As if they were poltergeists summoned up by the petulant old man’s piffle, there came a flurry of footfalls in the tunnel connecting the conservatory to the house; footfalls that announced the arrival – some minutes later, for it took him a while to locate their jungle clearing – of Dorian Gray.

‘Stupid squad!’ he expostulated. ‘They never get any smarter, do they.’

‘I assume’ – Wotton, sensing Dorian’s dramaturgical desires, adopted a measured tone – ‘that is a rhetorical question.’

‘Yeah, fucking rhetorical. I’ve been with the morons for nearly five hours. Five hours over a lousy fucking shooting accident!’ He looked around for a patch of earth to ground his live wire, but the only vacant space in the clearing was occupied by Wotton’s wheelchair and the Ferret’s seat – in which the latter had, with Newtonian predictability, fallen asleep.

‘A shooting accident?’ Wotton killed the Princess of Wales’s calculating confession with the remote. ‘Who’s been shot?’

‘One of the beaters.’

‘Fucking hell,’ Wotton breathed, ‘that’ll be more trouble for Jane; the estate workers are almost in open revolt as it is.’

‘Oh, he wasn’t a local man.’ Dorian produced a silver cigarette case and a lighter, and lit up. ‘Nobody knows who he is at all.
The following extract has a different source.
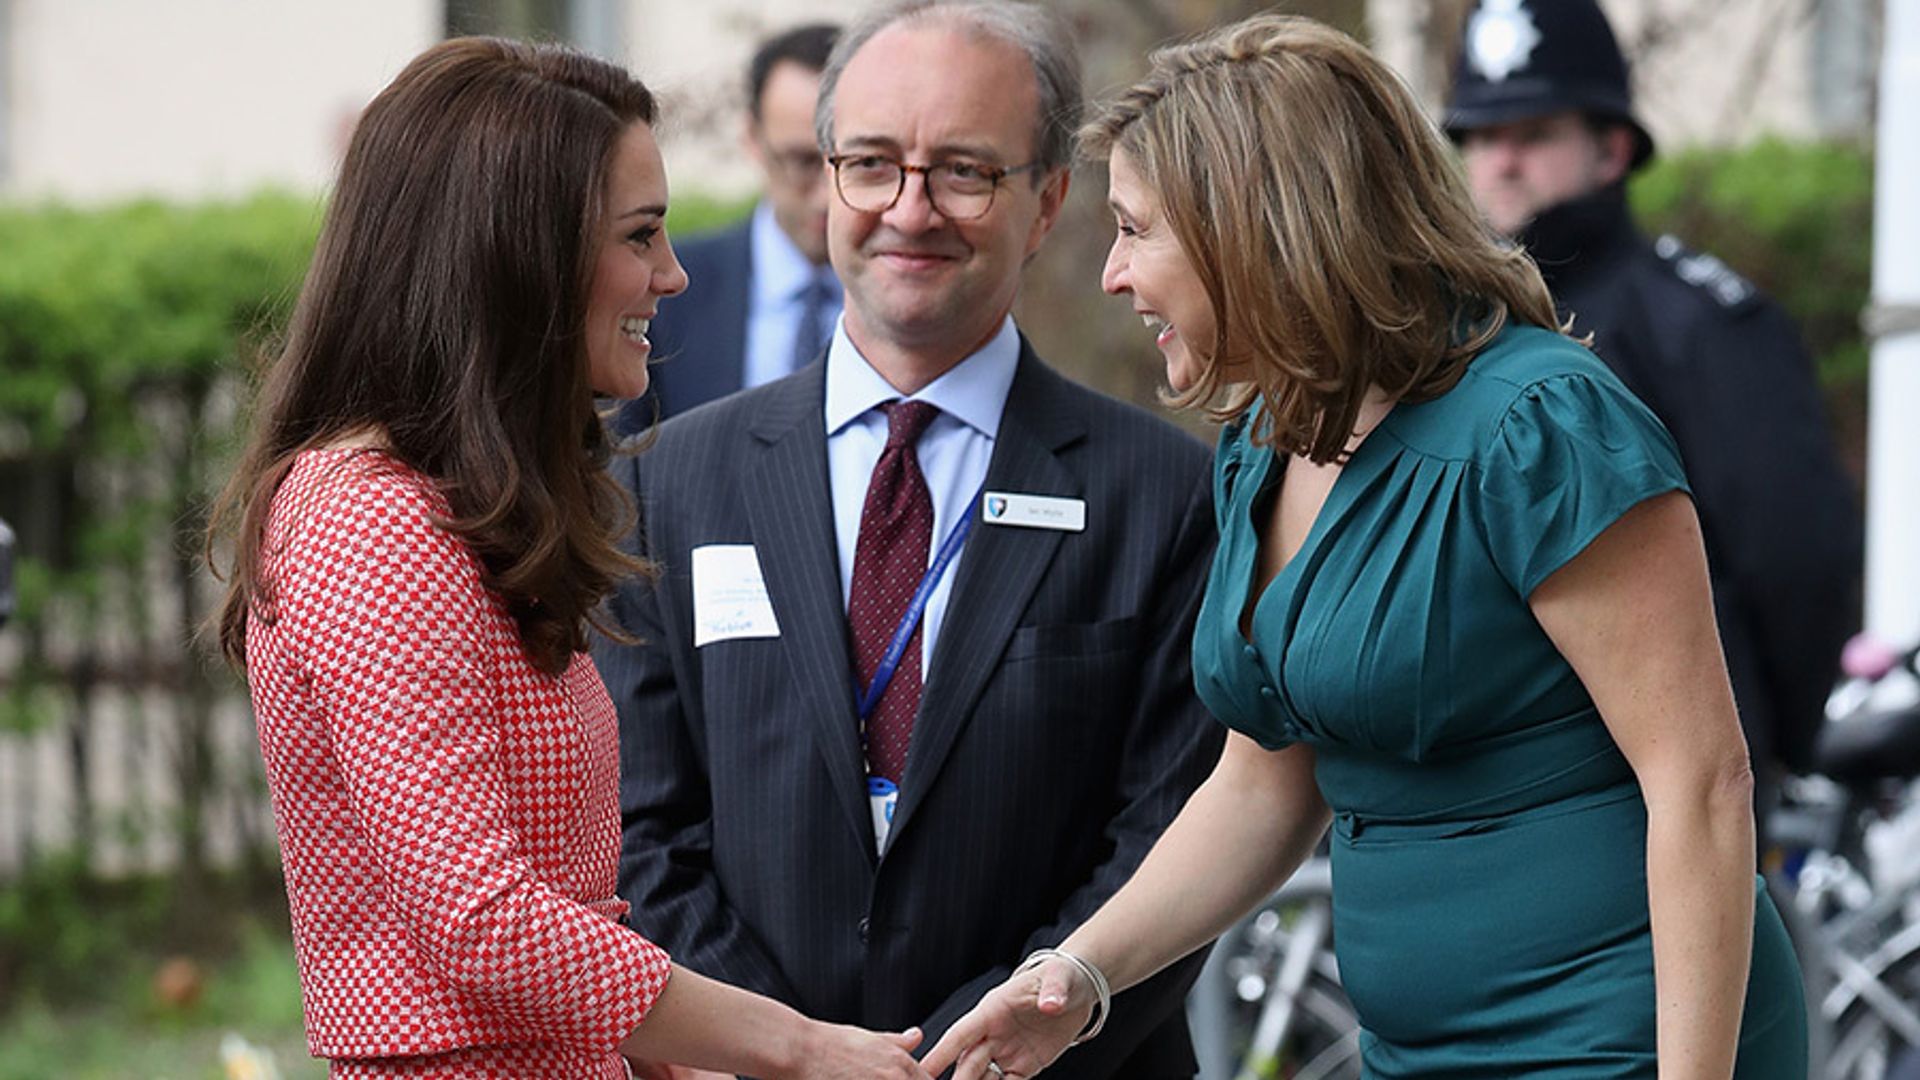 Kate Middleton appears at London engagement day after terror attack

The head keeper only took him on for the day – found him in the pub in Narberton. What’s more, his face was turned to mush by the blast, so unless someone was travelling with him it’s going to take the rural plods a while to identify him.’

‘How convenient.’

‘For whom?’ Dorian snapped.

‘For whoever shot him.’

‘Well, they’re saying
I
did that, but it could just as easily have been David Hall – he was being bloody wild with his shooting. I don’t care if he’s a fucking Minister; it’s insane allowing a cripple to shoot.’

‘They’ll find out in due course, Dorian – ballistics and so forth. Still, isn’t it funny how people get dead around you.’

‘What’re you implying, Wotton?’

‘No implication, merely an observation.’

‘It was an accident – I don’t know who the disgusting pleb was. I’ve never had any truck with anyone who has ginger hair in my entire life.’

‘Is that so.’ Wotton held the image of Dorian’s injured innocence in his viewfinder eye, and dipped his eyelid to record the moment for posterity.

‘Yes it bloody is.’ Dorian ground his cigarette out on the floor. ‘Look, Wotton, are you going to stay out here all night?’

‘Me? No… no, I don’t
think
so. Tell me, are you free to leave Narborough, Dorian?’

‘They say I can go where I please as long as I tell them; they haven’t charged me or anything ludicrous like that.’

‘In that case, you can drive me back to London.’

‘To London, tonight?’

‘That’s right. I rather think it’s the place of a patrician – as it is of a
plebeian
– to die in the eternal city, wouldn’t you agree?’

‘What do you mean by that?!’ Dorian’s eyes flashed and he made as if to grab at Wotton, but the dying man merely laughed.